The attendees of the Rocky Mountain Rendezvous also drafted and sent an open letter to the family of Vicki and Samuel Weaver, the civilian casualties of Ruby Ridge, that acknowledged their "mortal sacrifices."

=== Religious underpinnings ===

The Rendezvous placed a special emphasis on Christian theology. In multiple references to the Bible, the SWAT committee identified that perpetrators of lone wolf attacks are actors under the command of Jesus Christ. The introduction to the Special Report by Peters quoted Book of Numbers 35:33:
So you shall not pollute the land where you are; for blood defiles the land, and no atonement can be made for the land, for the blood that is shed on it, except by the blood of him who shed it.
 Attendees feared that actors of the Antichrist would force open, violent conflict and identified the need for a Christian resistance and the creation of a "Christian civil body politic." Militant violence was further justified as a necessary path to resist the conspiracy theories of a Zionist Occupation Government (ZOG) or New World Order.

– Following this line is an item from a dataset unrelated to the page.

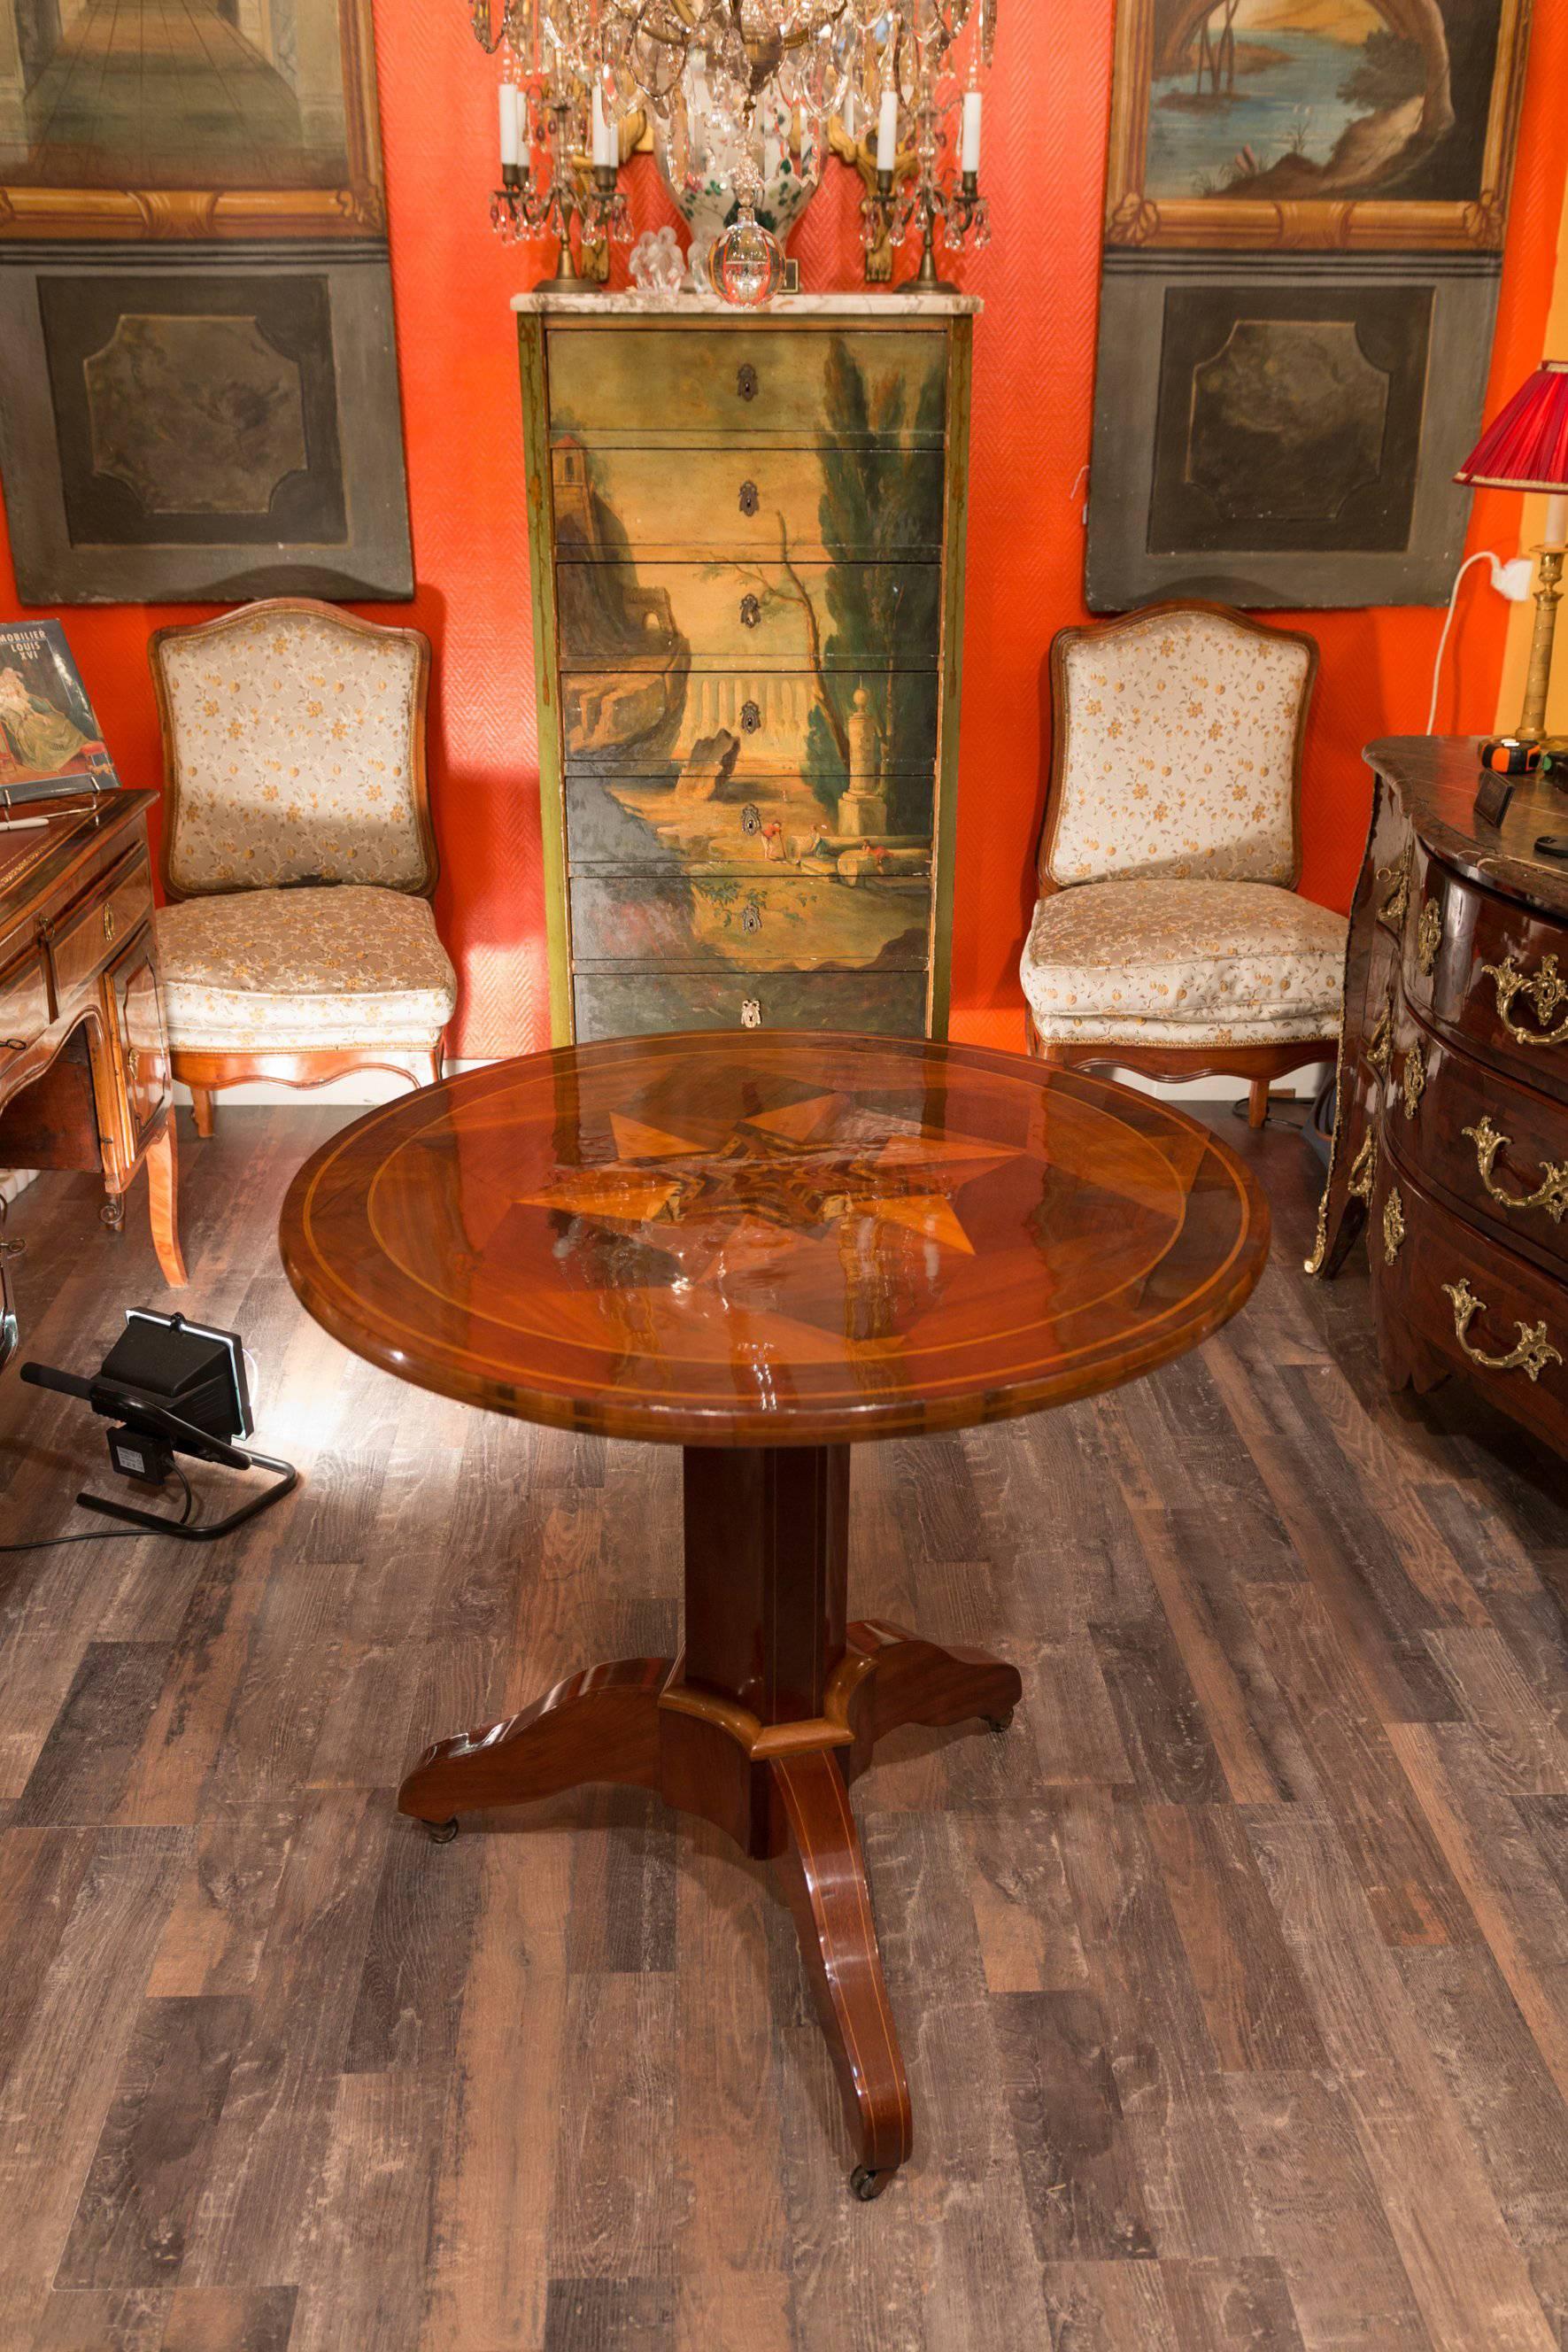 A gorgeous French pedestal round tilts top table, with lovely inlay of walnut, plum wood, Sycamore. The table is resting on a three-round footed pedestal base. 

Our table is in excellent condition. The underside of the table has clear and

Paradoxically, some attendees criticized the meeting's support for Randy Weaver, widower and father of Vicki and Samuel Weaver, for having "a poor reputation as a Christian man." This criticism was disregarded as irrelevant.

==Legacy==
The Rocky Mountain Rendezvous was a "watershed" in right-wing extremism. The Rendezvous placed leaderless resistance at the forefront of right-wing extremist strategy and provided a blueprint for future violent action—in part a brainchild of Beam. Leaderless resistance shifted violence away from the "robes of the KKK and the uniforms of the Aryan Nations." Thus, lone wolves and small, secret cells are relied on.

Four months after the meeting, the 1993 Waco siege at the Mount Carmel Center of the Branch Davidians fueled significant animosity against the United States federal government, and gave sympathy to the American militia movement espoused at the Rendezvous. The promotion of antigovernmental extremism and small-cell violence by the Rendezvous has been credited in the 1995 Oklahoma City bombing committed by Timothy McVeigh less than three years after.

Since 2001 and the advent of the internet age, informal online communities and mass media have become the loci of radicalization for leaderless actors once fostered in extremist groups.